*Action item*:
What the task requires is an exact printout of the listing below, pictures excluded.

*Given material*:
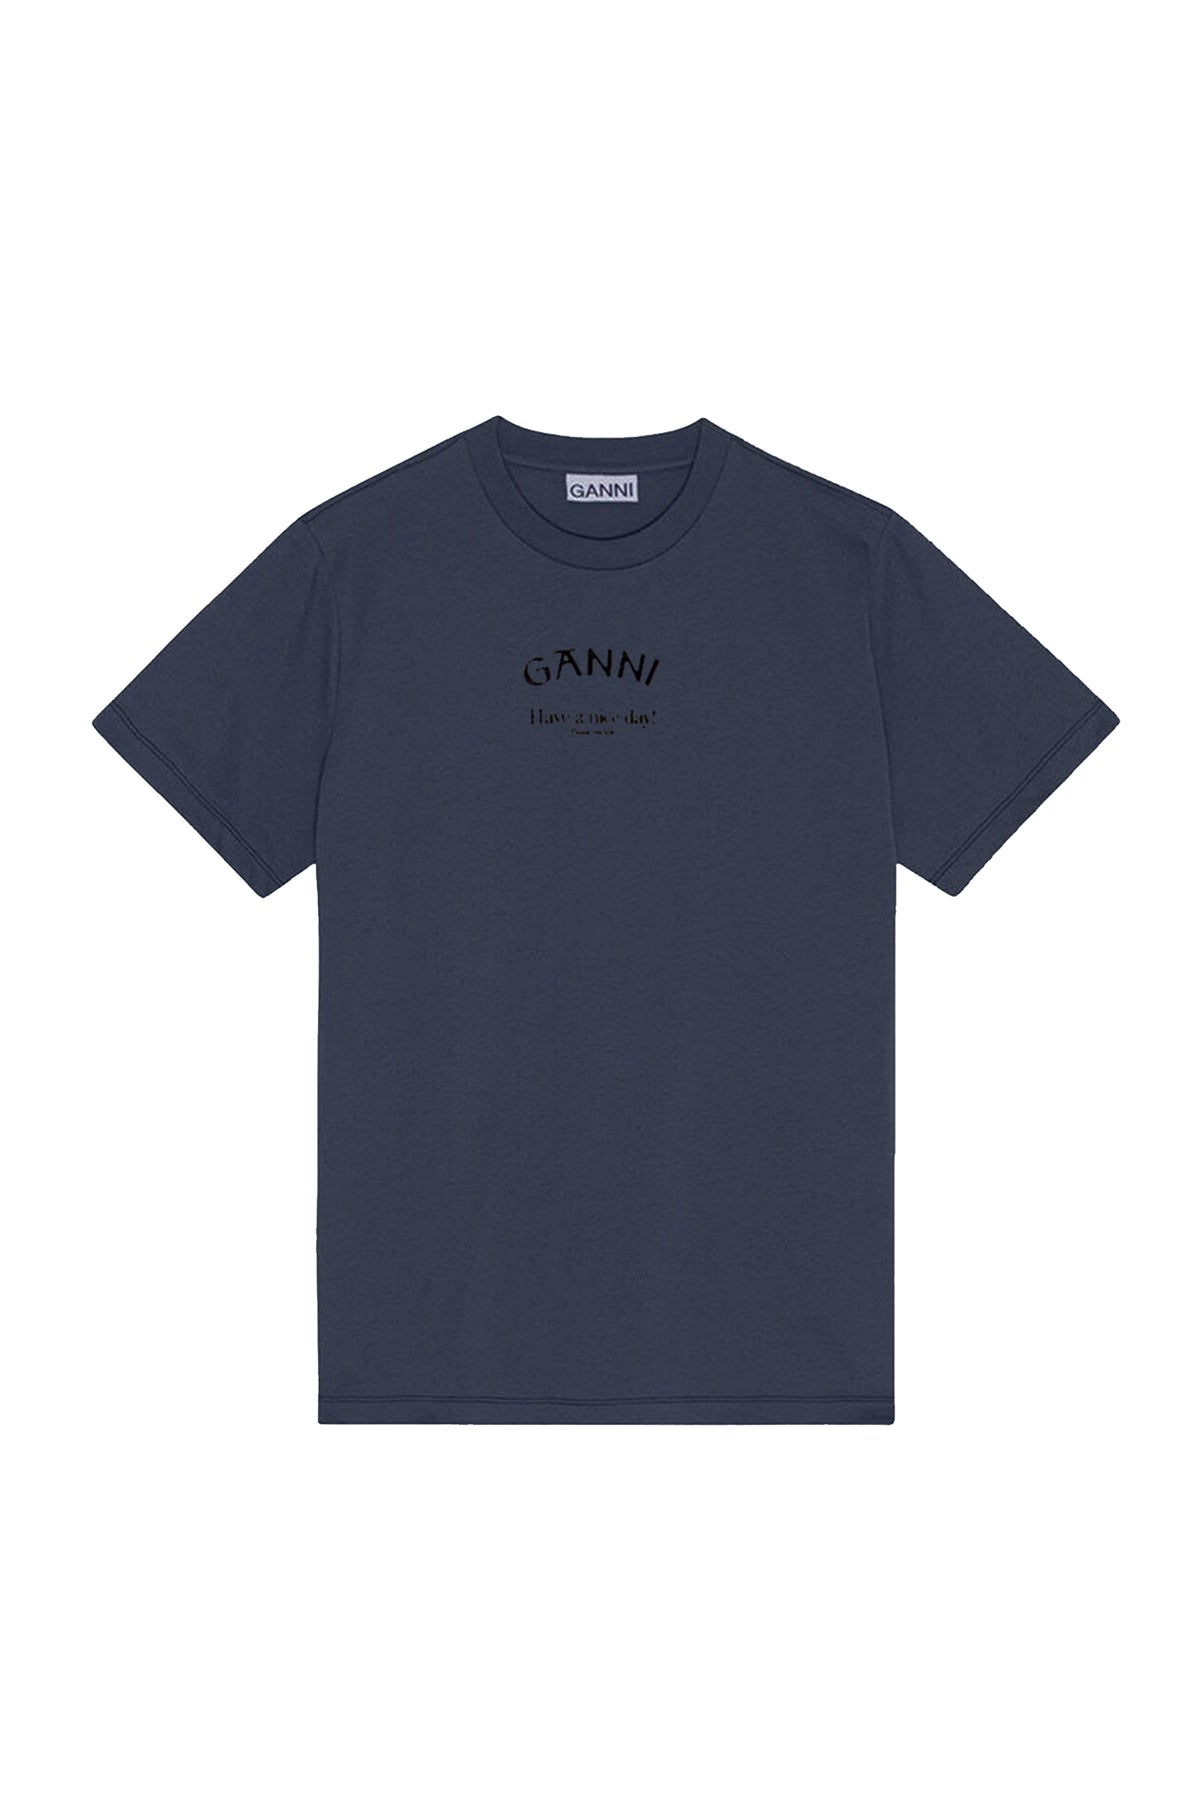 RELAXED O-NECK T-SHIRT / NVY
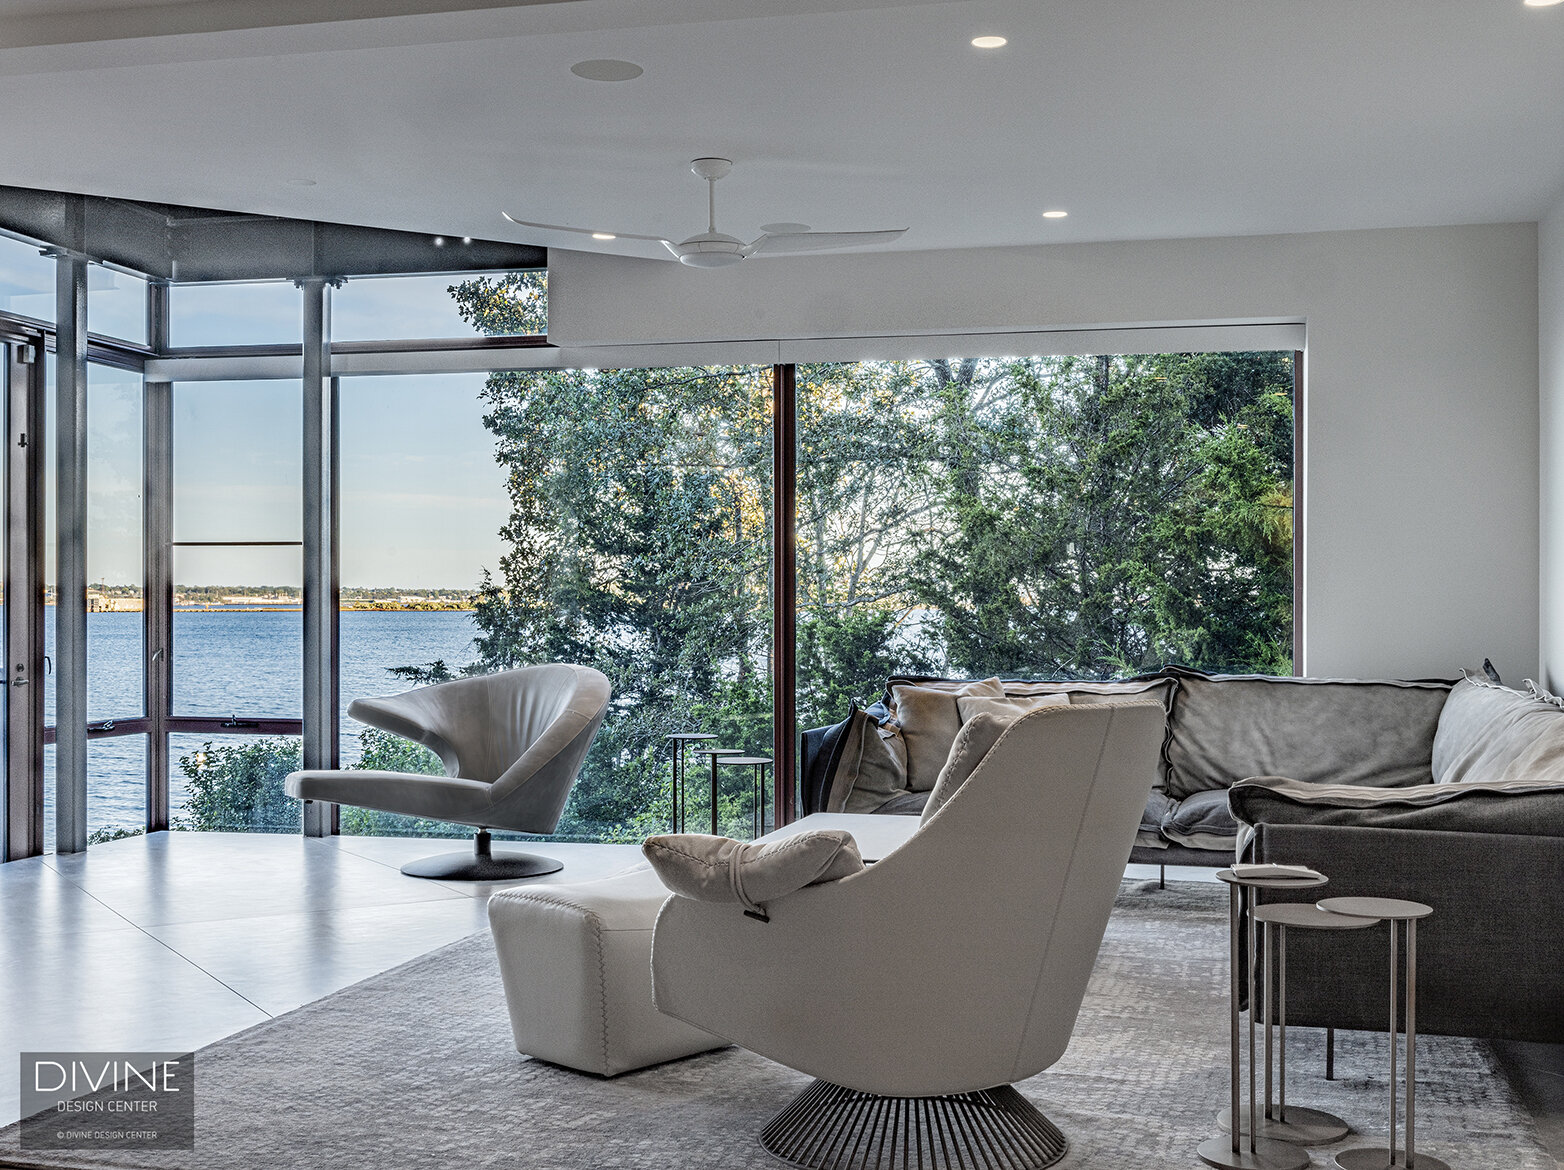  A modern living room with sweeping ocean views displayed through large, glass windows. Arketipo Firenze sectional sofa and occasional chair pair with the iconic parabolica armchair by leolux. clustered, nesting side tables by Arketipo are highlighte
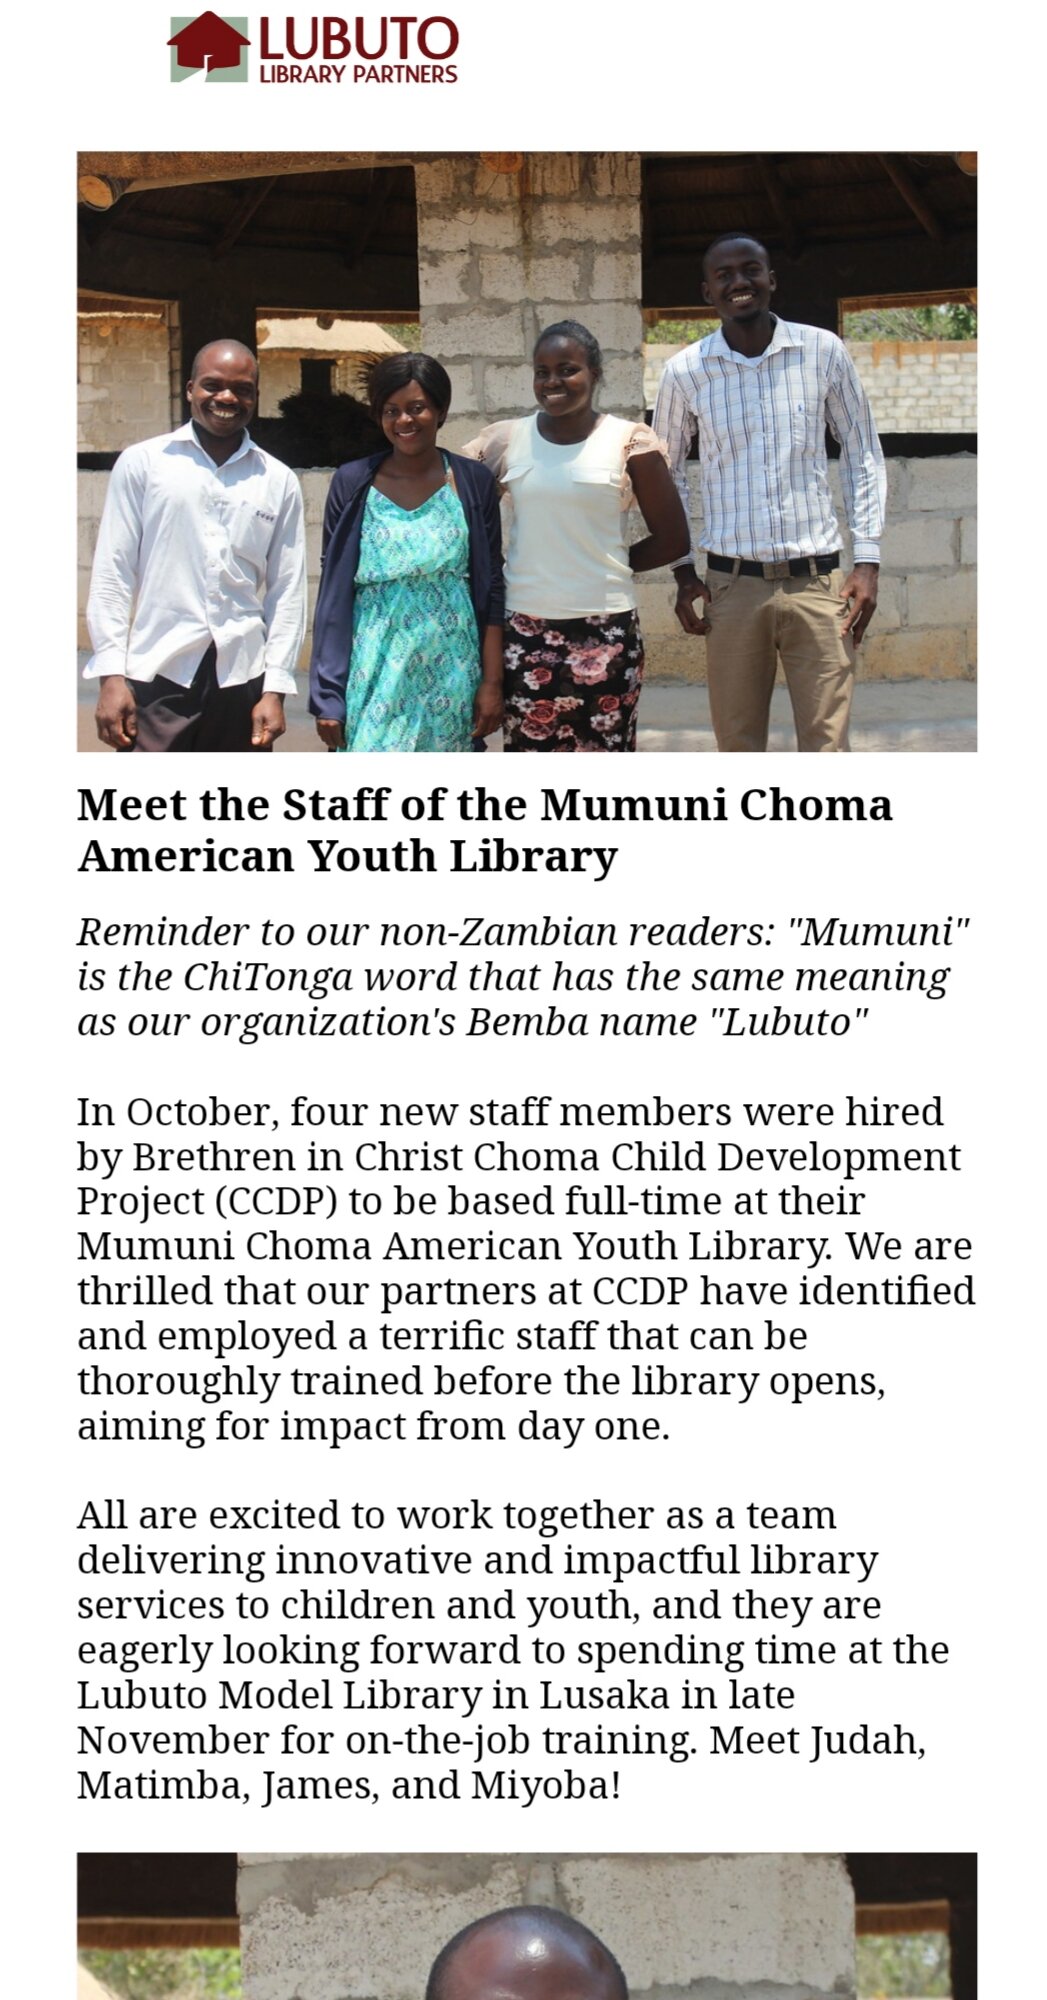 Meet the Staff of the Mumuni Choma American Youth Library

*Task response*:
 RELAXED O-NECK T-SHIRT / NVY
  A modern living room with sweeping ocean views displayed through large, glass windows. Arketipo Firenze sectional sofa and occasional chair pair with the iconic parabolica armchair by leolux. clustered, nesting side tables by Arketipo are highlighte
 Meet the Staff of the Mumuni Choma American Youth Library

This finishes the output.